Import bill and remittances: what changed in the assumptions
Goldman Sachs lowered its forecast for India’s oil import bill in CY26 to USD 215 billion from USD 220 billion. At the same time, it raised its remittance estimate to USD 140 billion, citing that inflows remained strong despite regional conflict. These two lines item are key to the bank’s improved external balance view. A lower oil import bill reduces pressure on the trade deficit and foreign exchange outflows. Higher remittances provide a cushion by supporting the current account on the income transfer side. Together, the assumptions align with Goldman’s lower CAD forecast and projected balance of payments surplus.
Policy buffer: fiscal and quasi-fiscal measures limited pass-through
Goldman said India weathered the Middle East conflict better than expected, helped by fiscal and quasi-fiscal measures. According to the note, these steps absorbed a significant portion of the energy price shock and limited the pass-through of higher fuel costs to consumers. This is important context for why inflation outcomes may stay contained even when global energy prices are volatile. It also explains why the bank is more comfortable cutting inflation estimates once crude prices fell. The report’s framing suggests that policy choices and administrative measures played a role alongside market-driven oil price moves. The note, however, did not quantify the size of the absorption, focusing instead on the direction of impact.
A round-trip in forecasts: March downgrades and the June recovery
The June 26 upgrade follows a period of forecast volatility. Goldman had cut India’s 2026 GDP forecast to 5.9% on March 24 after previously projecting 7% before the US-Iran war began. The June note brings the forecast back to 6.8%, which the text describes as a 90 basis point recovery from the war-period trough. The bank also noted that its growth call had earlier been reduced to 6.5% before being lifted again to 6.8%. This sequence underscores how sensitive macro projections can be to energy assumptions and geopolitical risk. It also highlights the weight Goldman assigns to crude price trajectories when modelling India’s inflation and external balances.

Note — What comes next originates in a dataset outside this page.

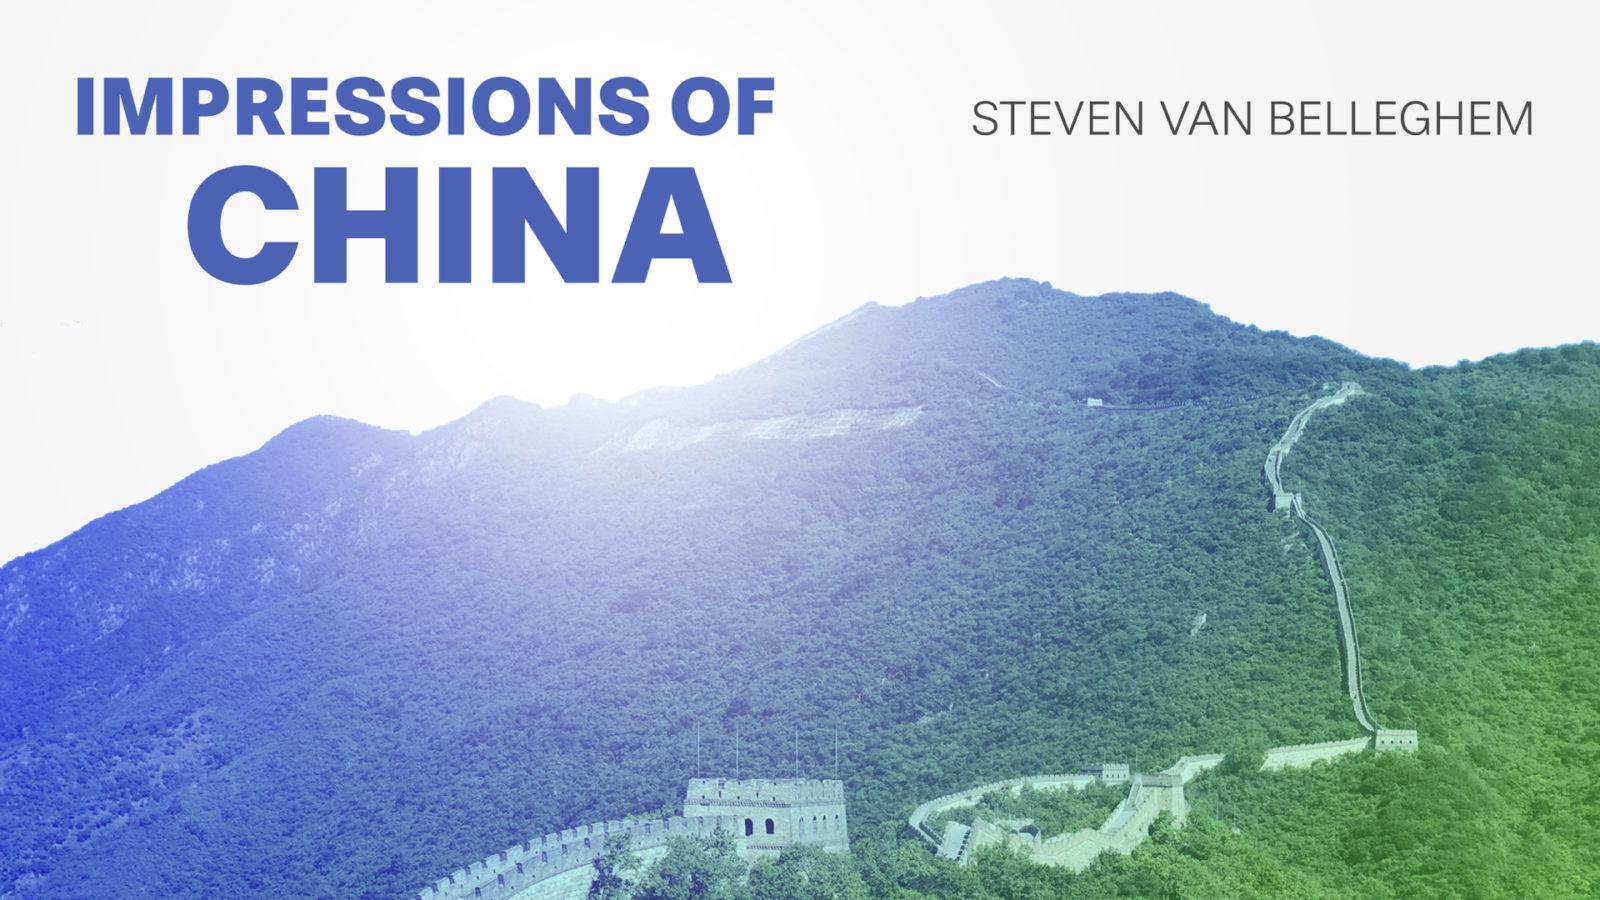 2019_0507_China-introduction_steven.001-1600x900.jpg

Key figures from Goldman Sachs’ revised India outlook
What investors will track next
Goldman’s updated numbers place oil and external balances at the centre of India’s CY26 macro narrative. Investors are likely to watch whether crude prices remain near the revised assumptions and whether the improvement in external balances is sustained. Markets will also track how inflation trends align with the 4.4% headline projection and whether core goods inflation stays contained as the note suggests. Another focus will be whether growth stays close to the 6.8% forecast after a strong 7.8% print in Q1 CY26. The report’s emphasis on supply conditions, including easing disruptions signalled by port cargo traffic, adds another data point to monitor. For now, Goldman’s June 26 note sets a clear base case tied to lower crude and resilient domestic activity.